Lawrence police officers who hold degrees can get extra pay for their educational efforts, but the Douglas County Sheriff's Department doesn't offer such an incentive.
When Capt. Bill Shepard of the Douglas County Sheriff's Department earned his associate's degree this May, it didn't make his paycheck any bigger.
But Lawrence Police Officer Don Hicks will get a raise when he completes his music education bachelor's degree at Kansas University.
The county doesn't pay education incentives to law enforcement officers. But down the hall of the Douglas County Judicial and Law Enforcement Center, the city police department does.

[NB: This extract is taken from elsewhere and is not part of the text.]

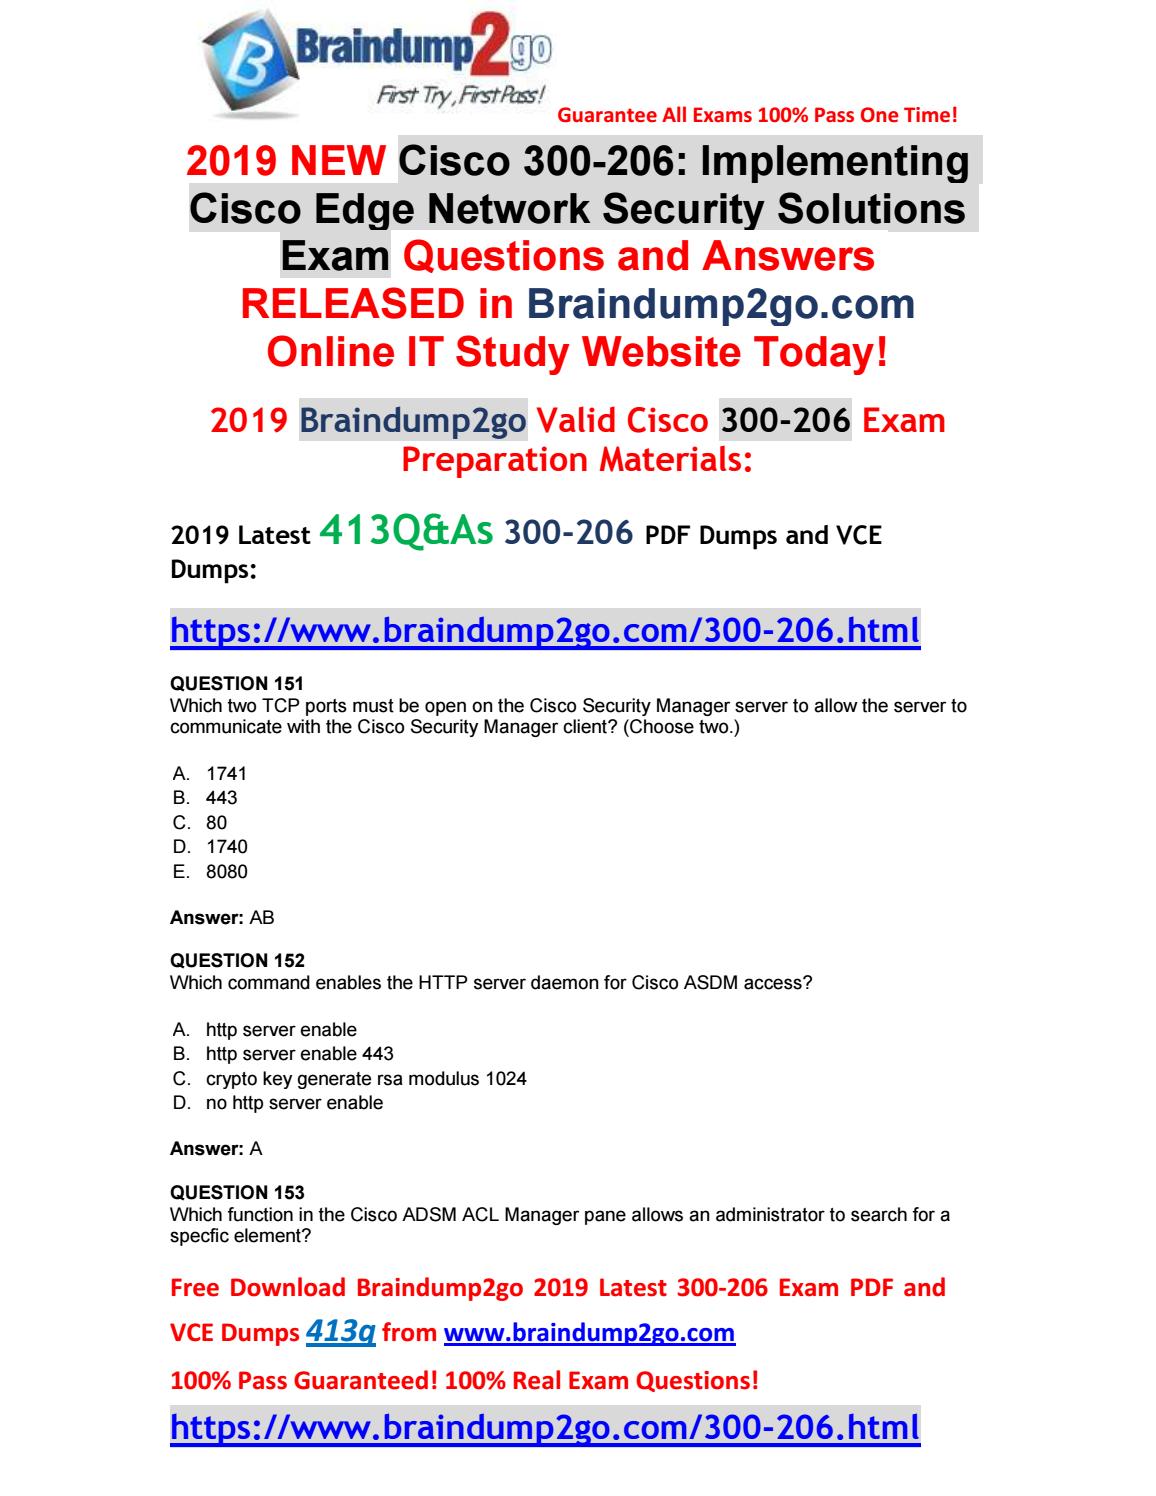 Cisco switch generate rsa key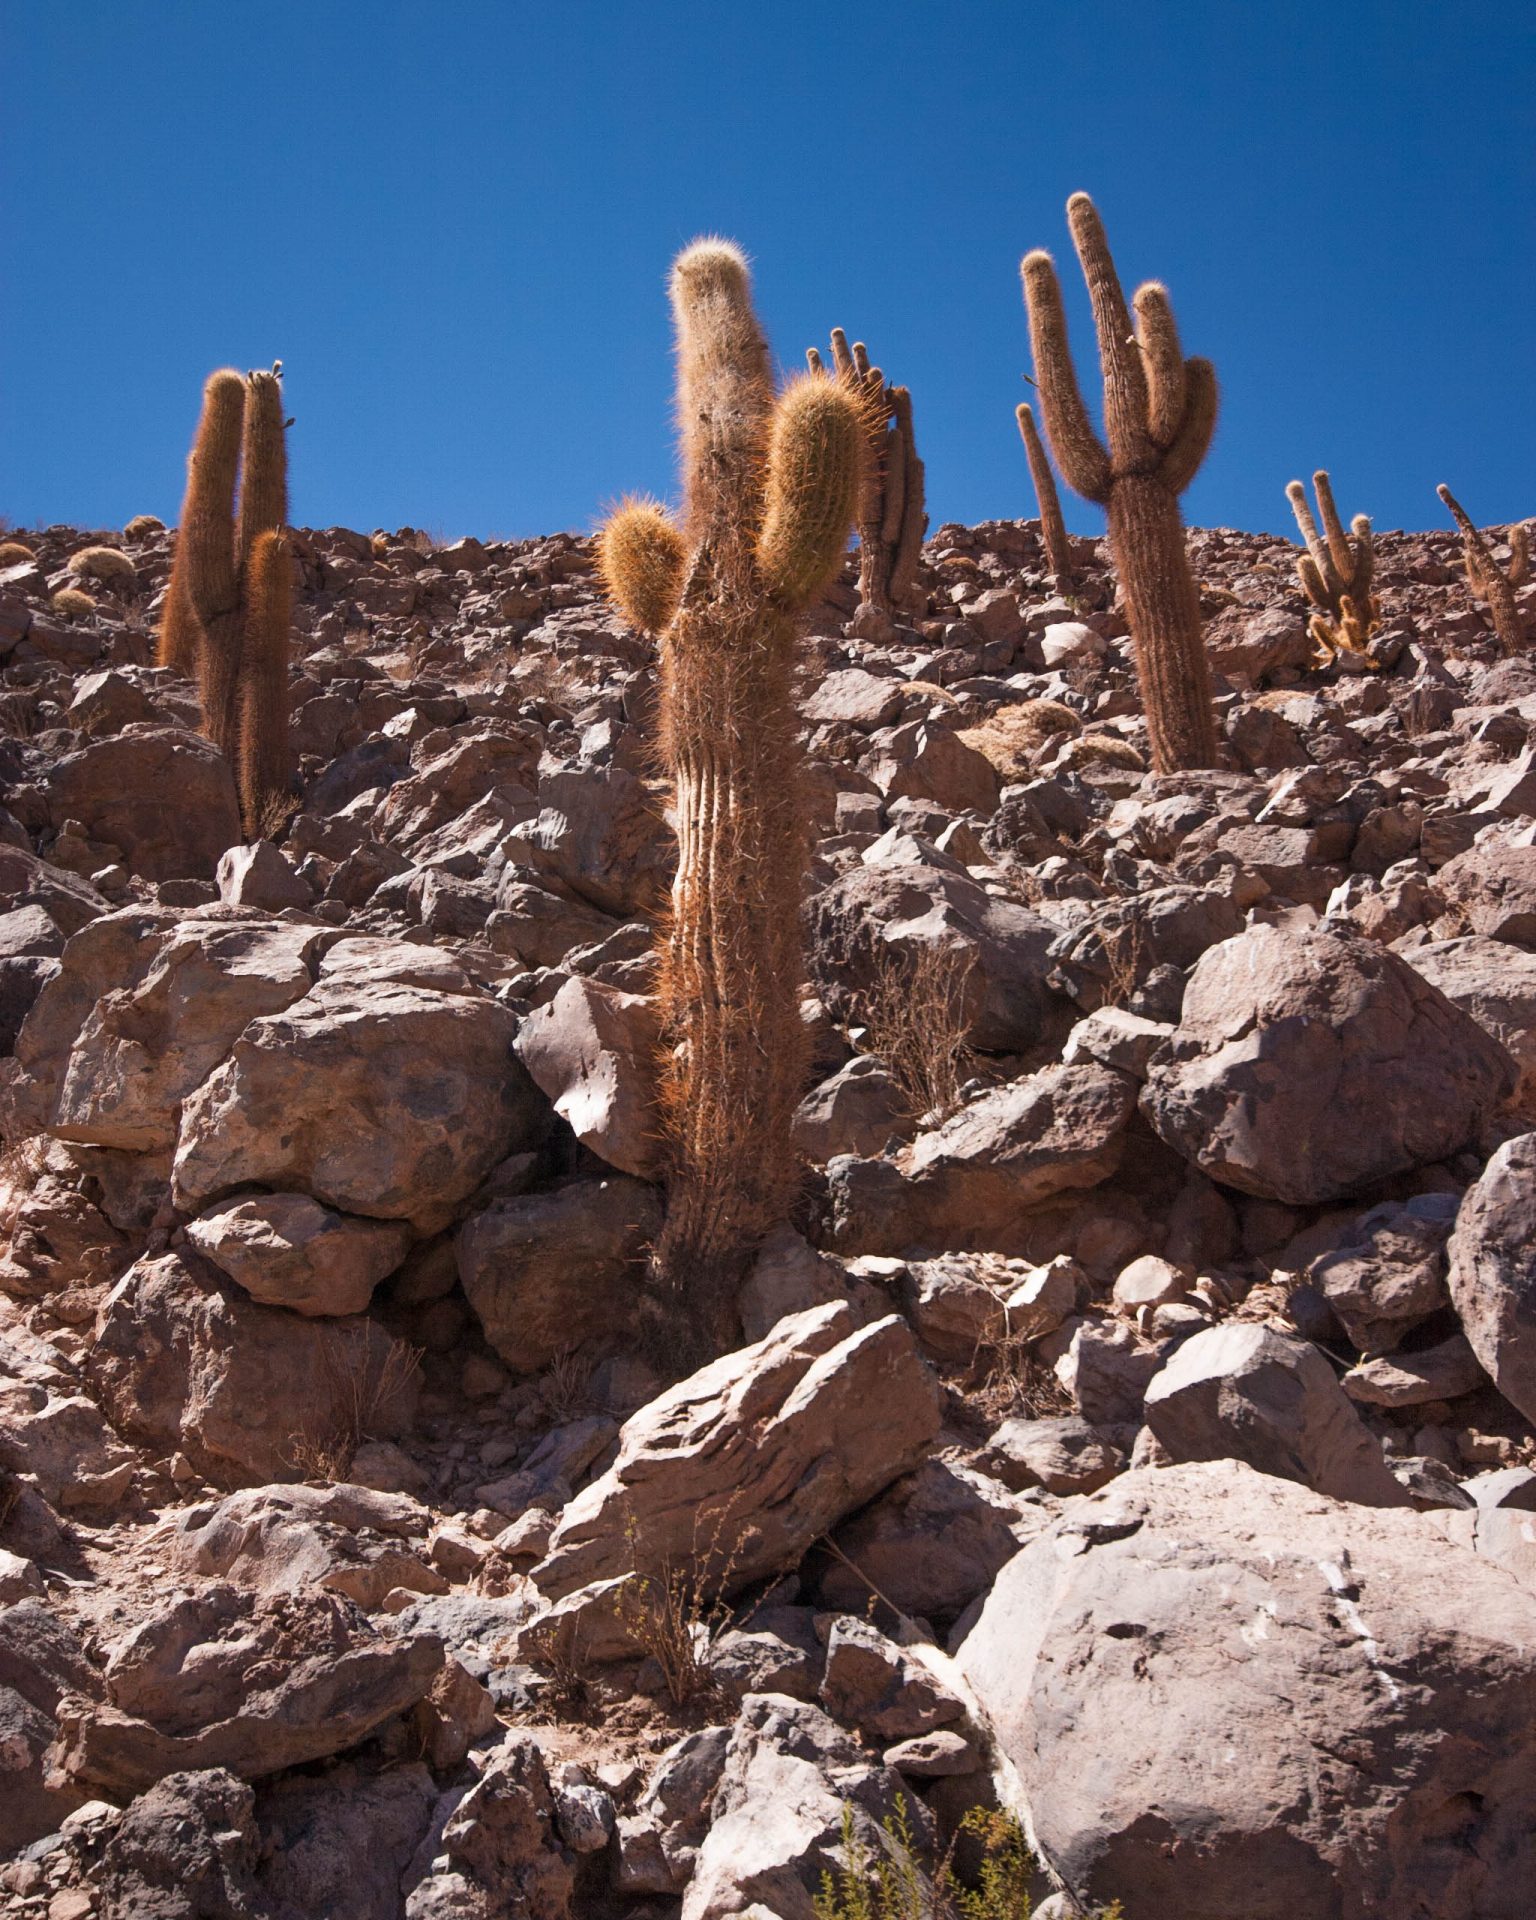 Cactus in the rocks.

Shepard, who finished a degree he started in 1985 while doing patrol work, says he enjoys his job working for the county and doesn't begrudge police the incremental incentive pay they can earn.
"But we feel like we do the same job, and a lot of time we work hand in hand doing the same job," Shepard said, showing the diploma he earned at Kansas City Kansas Community College.
Sheriff Loren Anderson has asked the county for incentive pay for his employees. He said he requested $54,000 this year to fund an incentive package "very similar" to the police department's. The county said no, Anderson said.
For Shepard, one of the top-ranked officials at the sheriff's department, it's hard knowing he earns less than some city patrol officers drawing incentive pay.
"If you're a young person just starting out, where would you want to go?" the former Marine said.
Finishing what he started
Shepard, a 1962 Lawrence High School graduate, said he always wanted to finish his associate's degree.
But raising a family and doing patrol work made it difficult to find time. The 55-year-old father of five returned to school in fall 1998.
Shepard said that if he were younger, just starting out, incentive pay might encourage him to take the next step -- a bachelor's degree.
No down side to degree
Education incentive pay is a welcome perk, said Hicks, who began work in 1986 on a bachelor's degree in music education.
"I don't like starting something and not finishing it," he said.
Some might question the city rewarding a police officer for studying music, Wheeler said. But the study is put to use by the department, he said. Hicks, a trumpet player, is in the police honor guard and plays taps at various ceremonies. He also serves in the Army Reserve Band.
Hicks also wants assignment someday as a school resource officer for the department. He said he thinks a music education degree would serve him well in that position.
"There's no down side to Hicks getting his degree," Wheeler said.